Em uma quarta-feira recente, 75 guatemaltecos desembarcaram de um dos três voos fretados, todos lotados de deportados dos EUA, marcados para aquele dia. O grupo foi levado para um hangar, onde as autoridades receberam seus integrantes de maneira superficial: com uma saudação, um pequeno lanche e o valor da passagem de ônibus para onde quisessem ir.

O contato do governo da Guatemala com os deportados terminou aí. Considerados um peso, ou mesmo um constrangimento, o Estado e a sociedade não podem nem querem ajudar os milhares de rejeitados que tiveram que voltar para a terra natal. 

Reintegrá-los é, sem dúvida, um desafio; só que não fazer nada a respeito também é. A Guatemala e os EUA têm muito mais a ganhar explorando o potencial econômico, social e político que essas pessoas levam consigo. 

Um motivo por que o país de origem não faz quase nada por eles é a crença de que não permanecerão ali por muito tempo. 

Pois em visita recente que fiz à nação, ouvi de empresários, políticos e ativistas a mesma coisa: Donald Trump e seu muro não vão intimidar os imigrantes. Esses, por seu lado, também não estão perdendo tempo. Como um líder comunitário me disse: "Está todo mundo querendo se apressar antes que Trump construa o tal muro." 

Profecia autorrealizável

De fato, muitos querem que os imigrantes voltem para o exterior. O retorno para casa implica no fim das remessas que constituem quase 10% do PIB guatemalteco, além de inundar o setor de empregos, já em baixa, onde 75% da força de trabalho está no setor informal. 

Com tudo isso, não é surpresa constatar que os imigrantes que retornam não são lá muito queridos. A população em geral acredita que, se foram mandados de volta, é porque violaram a lei; quem é tatuado acaba marginalizado, considerado membro de alguma gangue violenta. Ninguém os contrata e, na rua, ninguém os encara. 
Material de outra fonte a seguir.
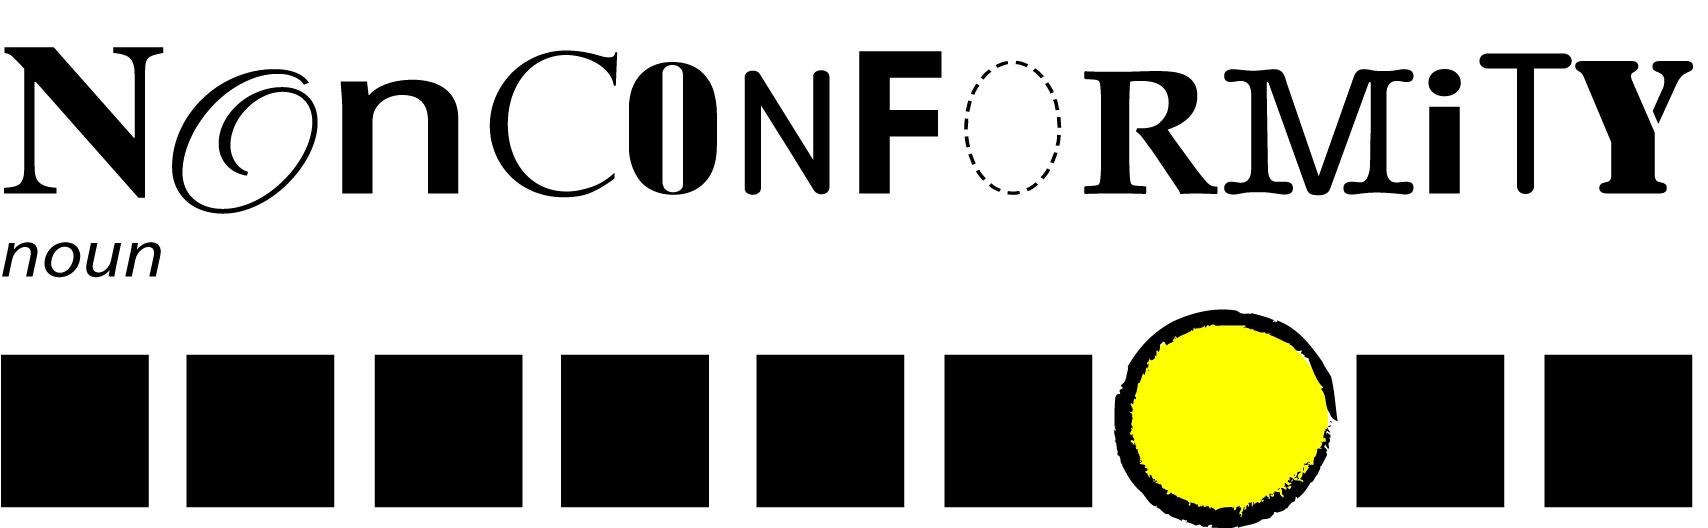 nonconformity-graphic

É claro que um tratamento desses acaba se tornando uma profecia que se cumpre por si só: negar aos imigrantes assistência para a reintegração econômica e social só vai agravar os problemas nacionais. 

Indivíduos marginalizados geralmente entram para as gangues de rua porque querem pertencer a algum grupo e acabam sendo recrutados pelo narcotráfico e pelos traficantes humanos. Afinal, sabem como atravessar a fronteira; muitos viveram em comunidades onde o crime organizado prolifera; são os guatemaltecos mais familiarizados com os EUA. 

Sem volta

É verdade que muitos tentarão seguir para o norte novamente, mas a maioria não tem interesse em repetir a dose. Um conhecido meu, cujas remessas mensais ajudaram a montar uma fábrica de camisetas que emprega os dez filhos na vila em que mora, está voltando de vez. Os mais velhos, principalmente aqueles que conseguiram juntar uma quantia considerável para sobreviver, não têm a mínima intenção de voltar para os EUA. 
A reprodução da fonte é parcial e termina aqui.